- Task statement -
Transcribe the lines below exactly. No image belongs in the transcription.

- Dataset section -
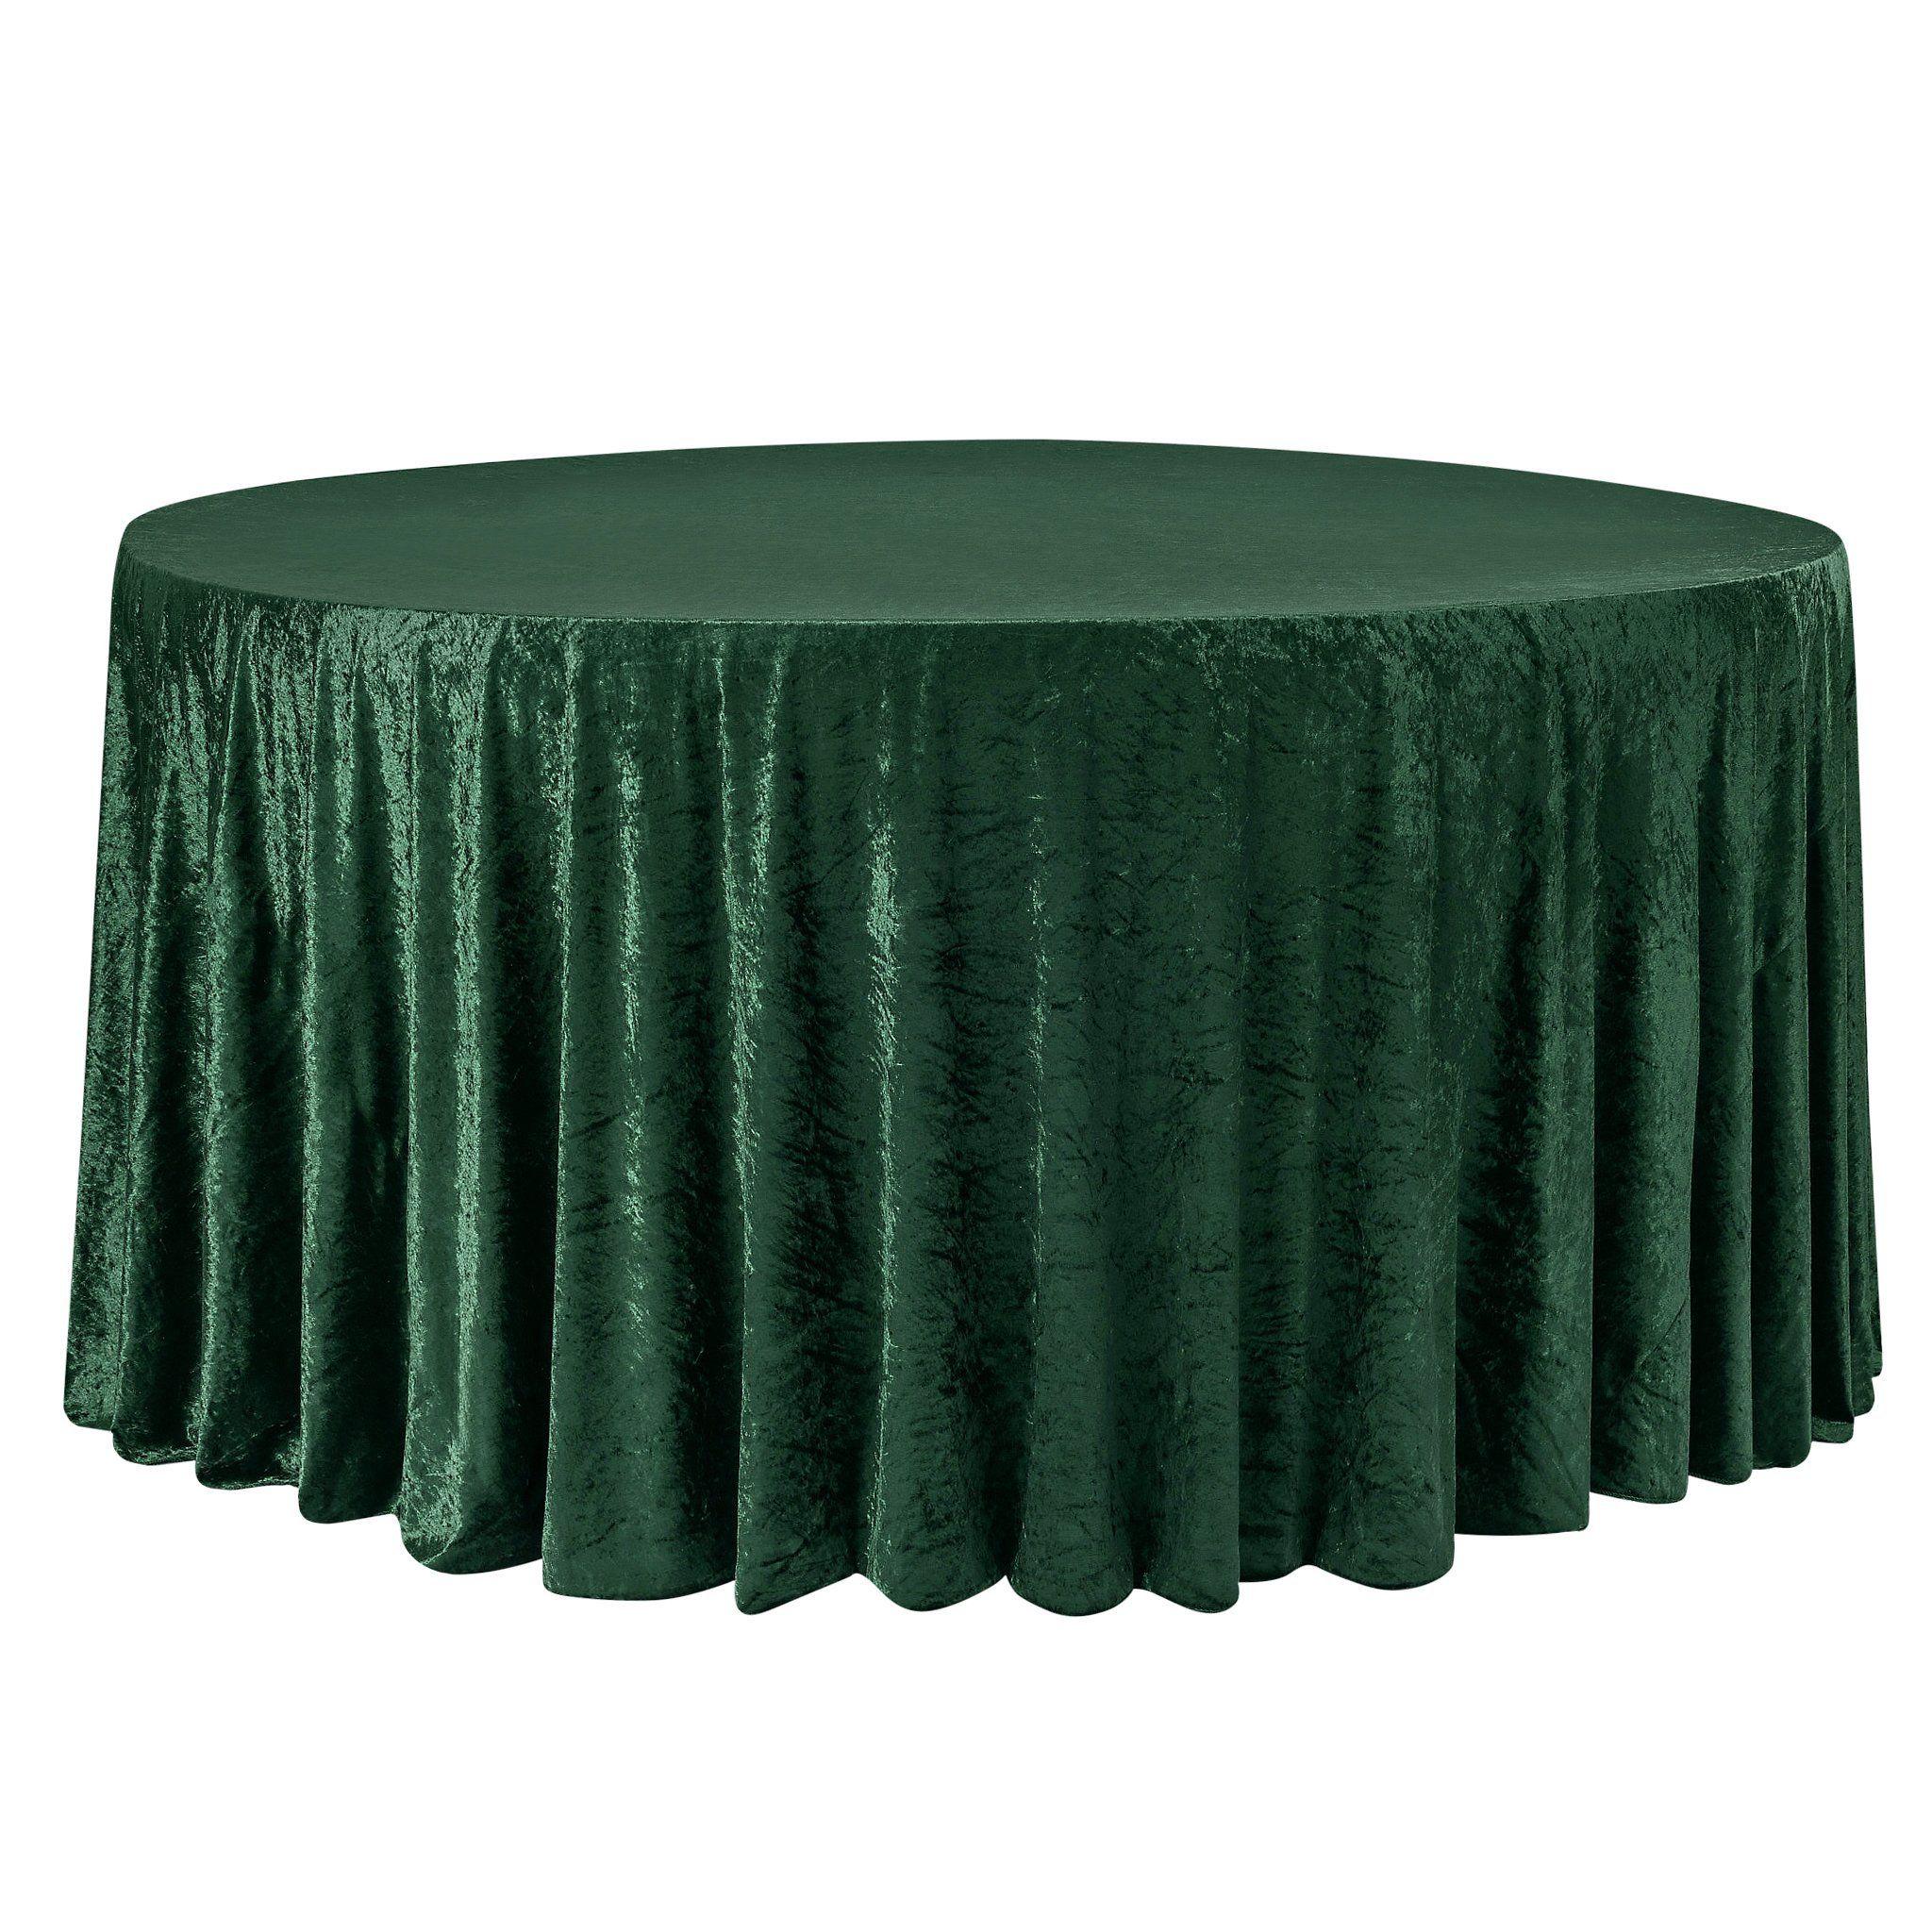 "Velvet 132"" Round Tablecloth - Emerald Green"
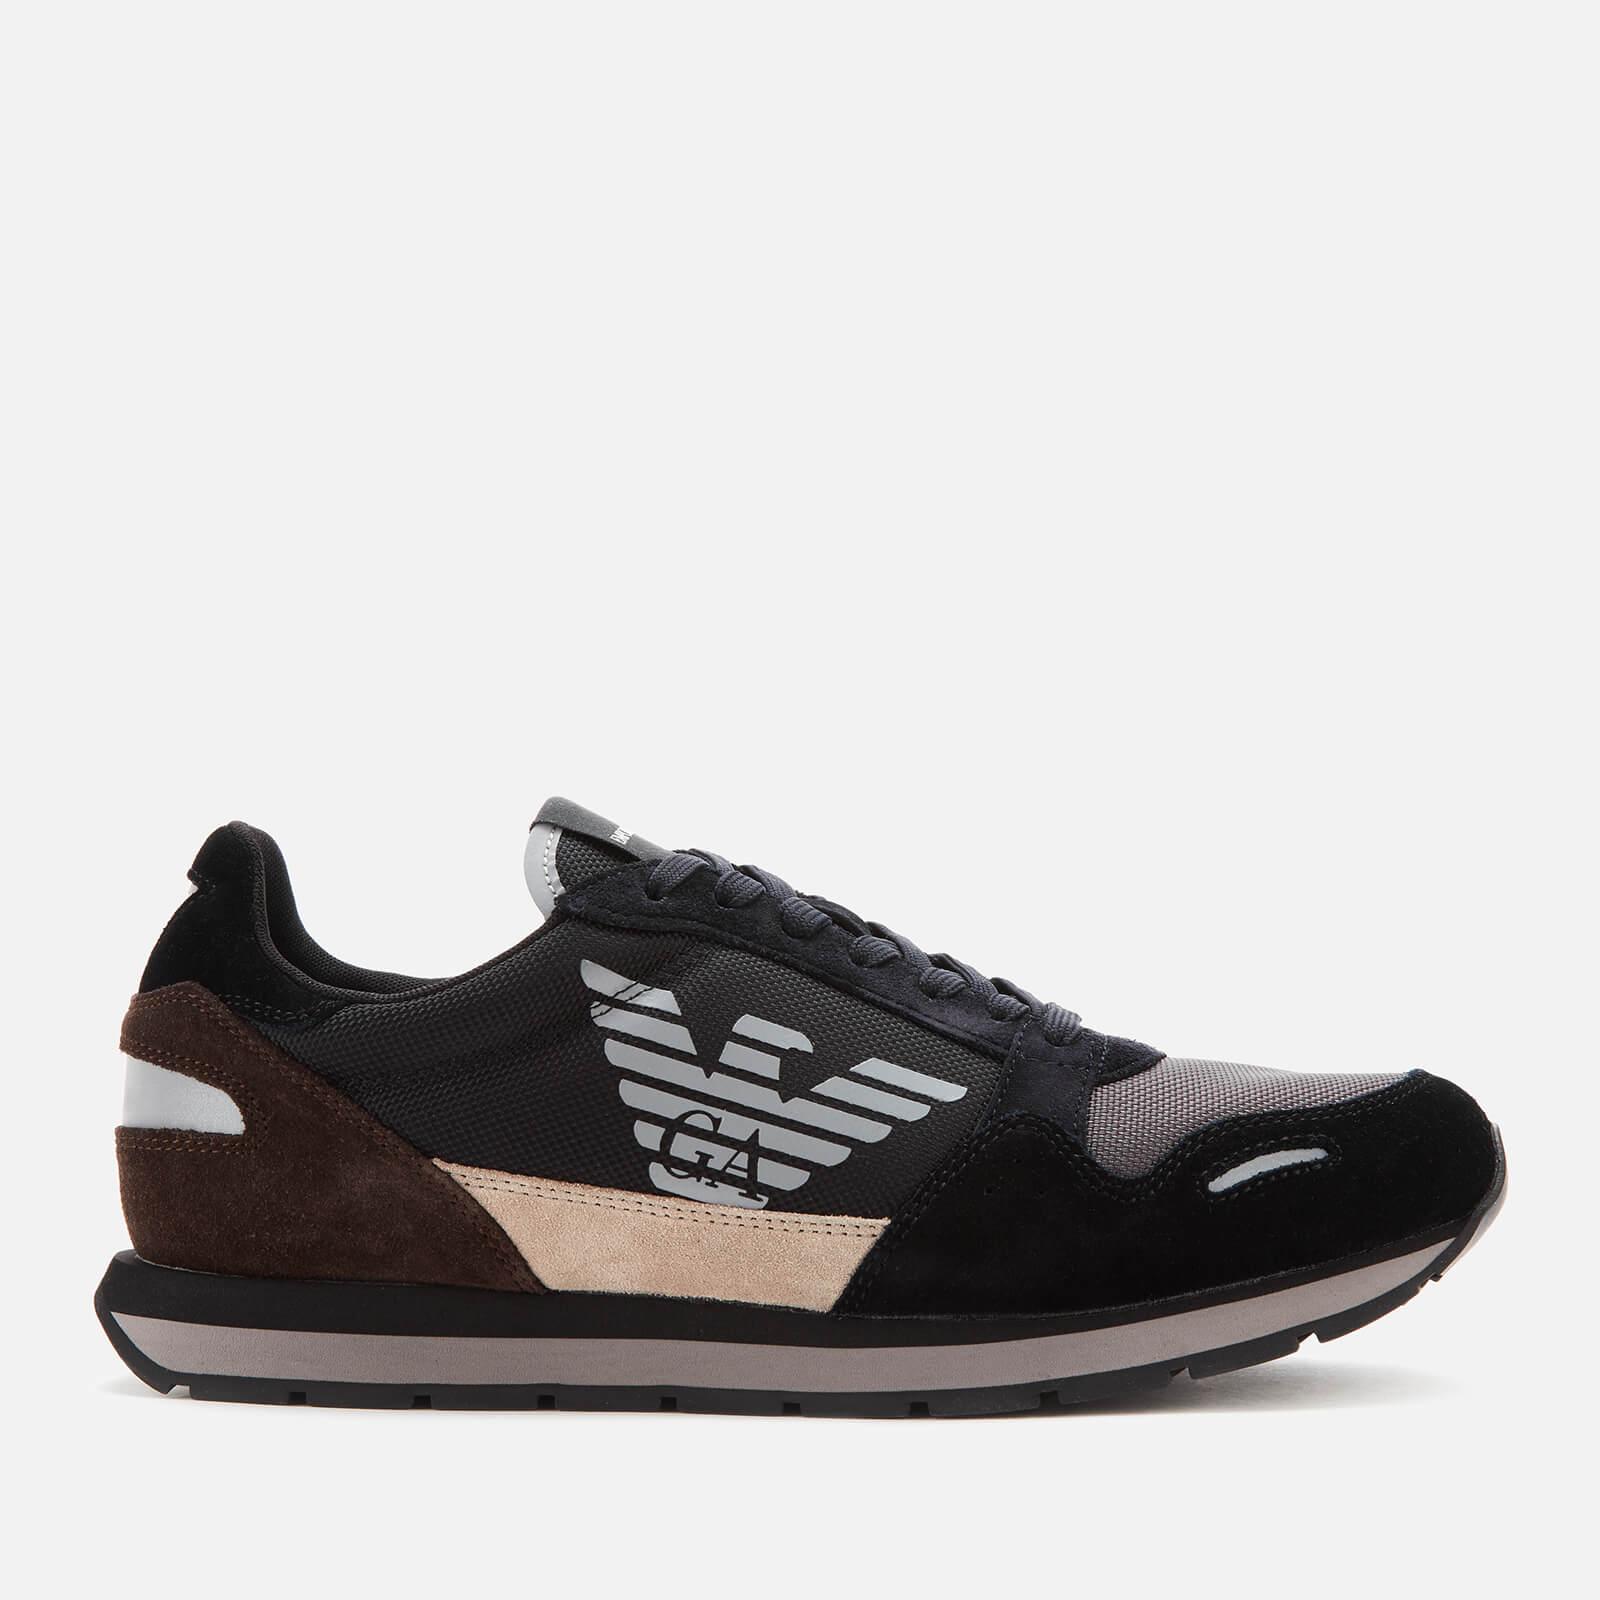 Emporio Armani s Zone Running Style Trainers - Black/Earth/Dark Brown - EU 41/UK 7 - Black
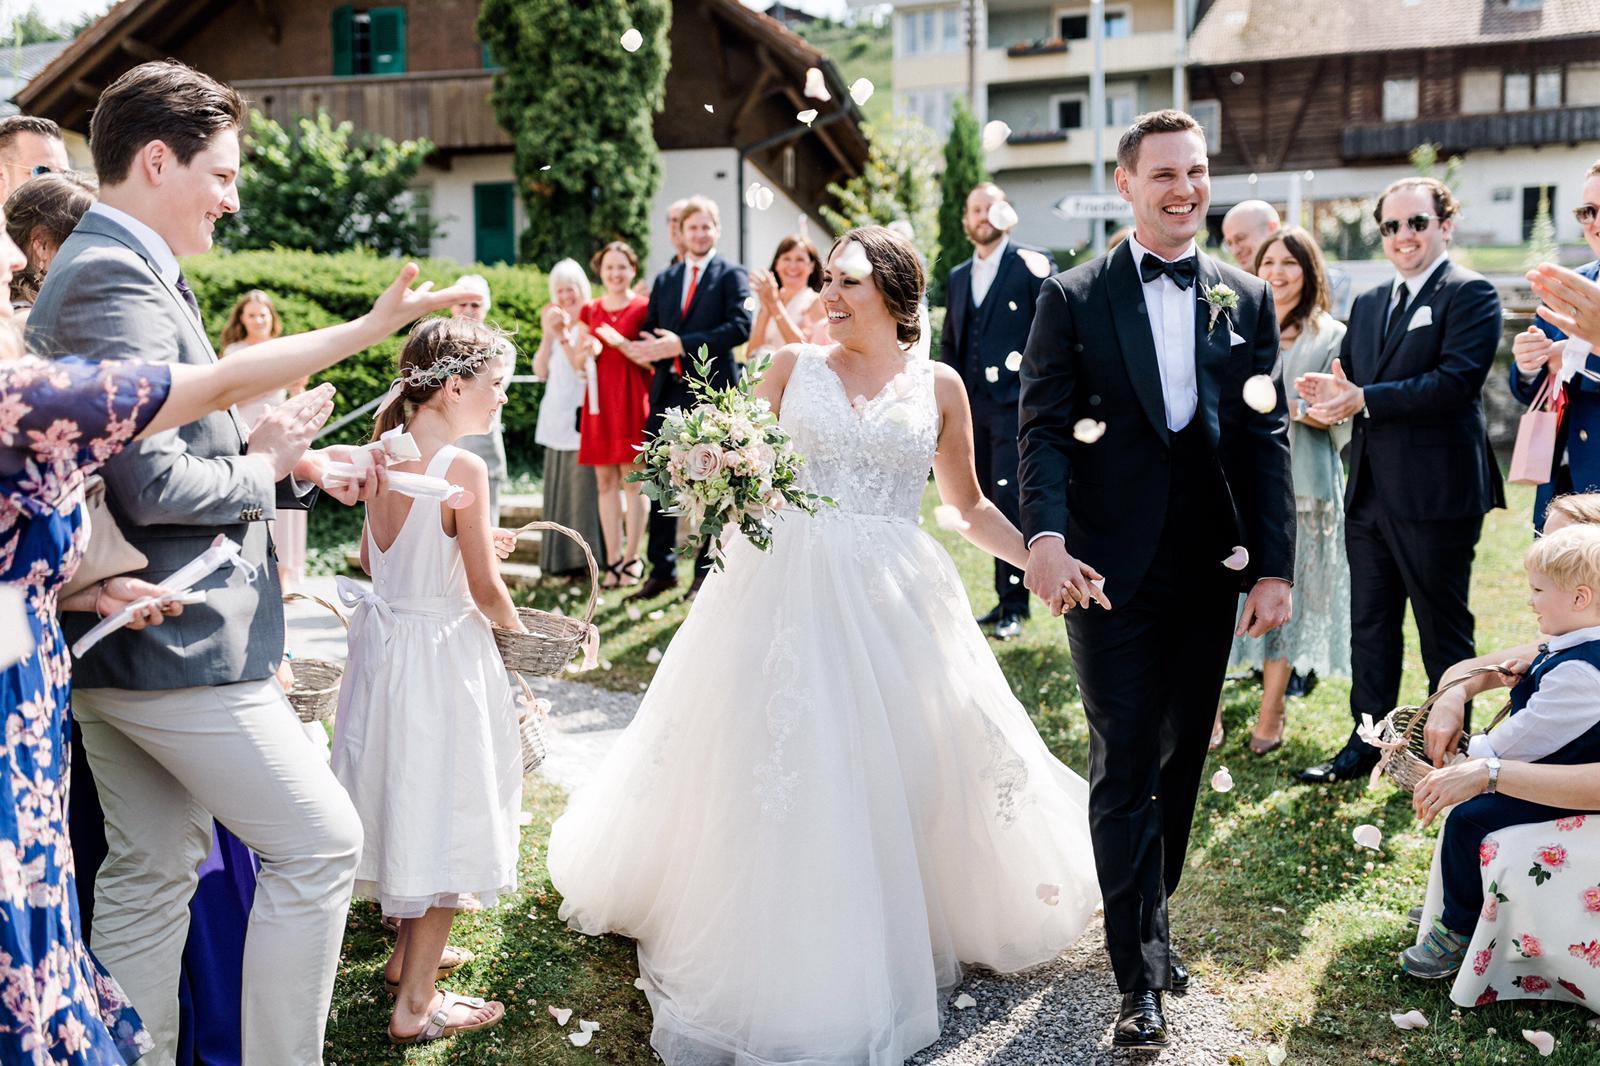 laura+bride+bespoke+customised+wedding+dress+ccm.jpeg
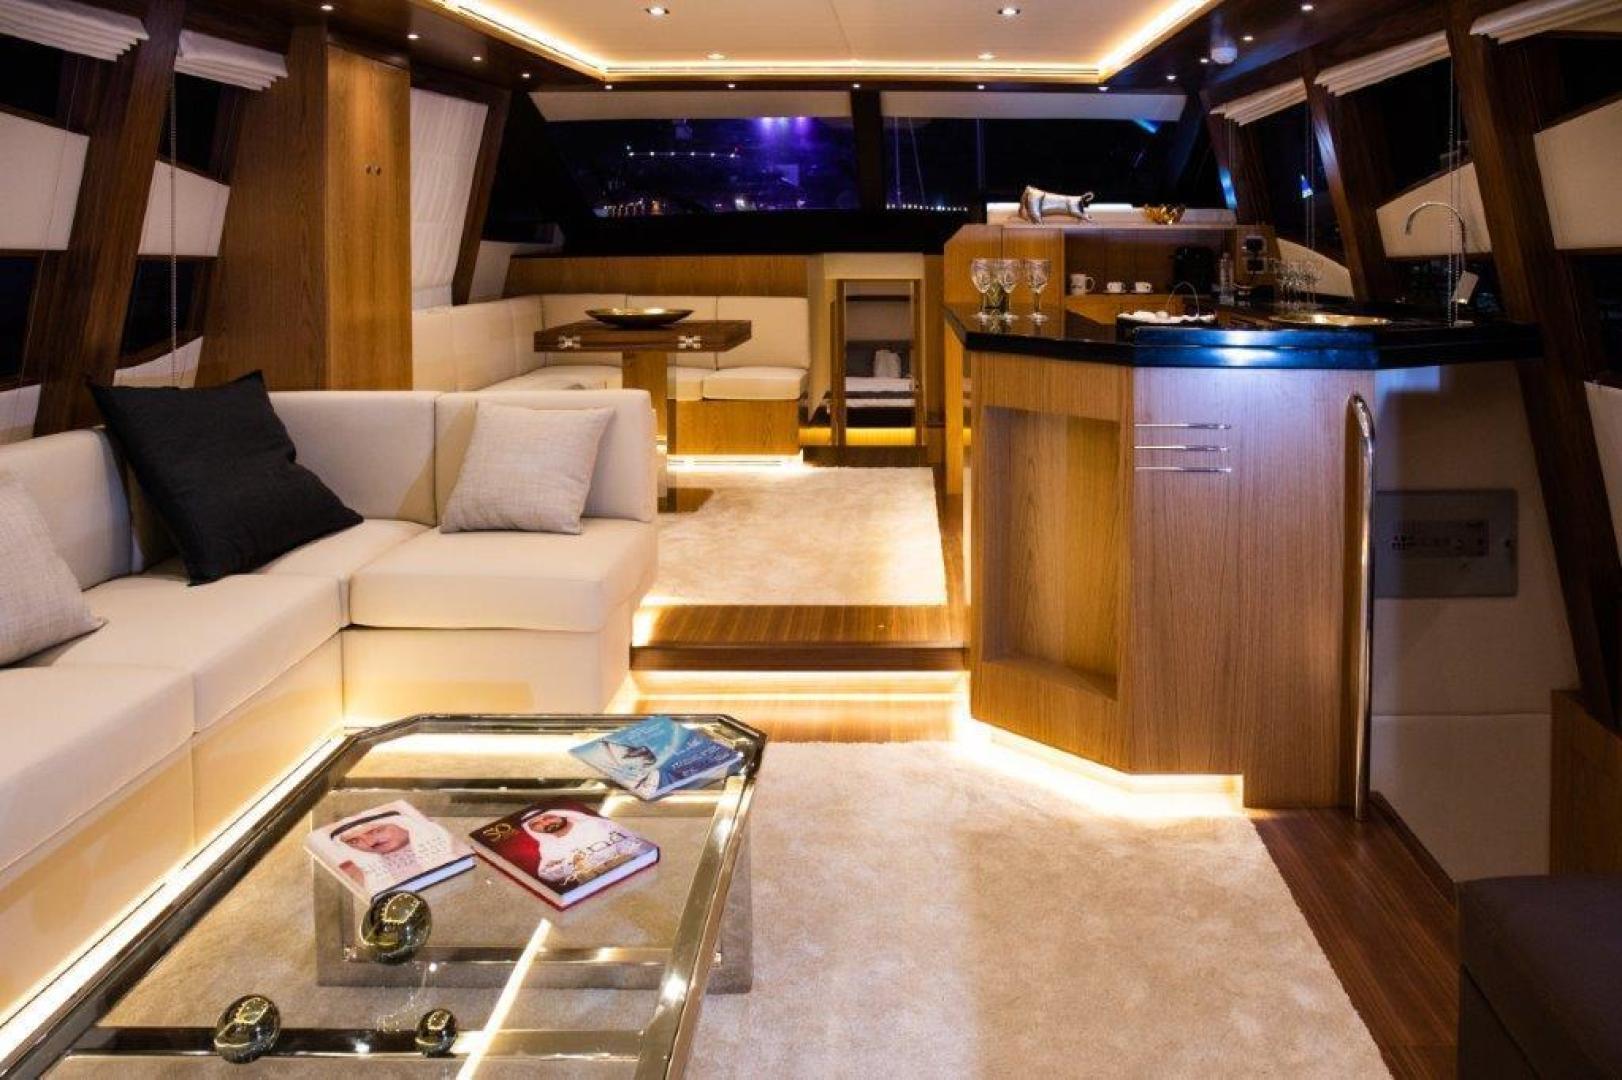 Riviera-Hull #1 2019-INTEGRITY Dubai-United Arab Emirates-Salon-1323151 | Thumbnail

- Answer space -
 "Velvet 132"" Round Tablecloth - Emerald Green"
 Emporio Armani s Zone Running Style Trainers - Black/Earth/Dark Brown - EU 41/UK 7 - Black
 laura+bride+bespoke+customised+wedding+dress+ccm.jpeg
 Riviera-Hull #1 2019-INTEGRITY Dubai-United Arab Emirates-Salon-1323151 | Thumbnail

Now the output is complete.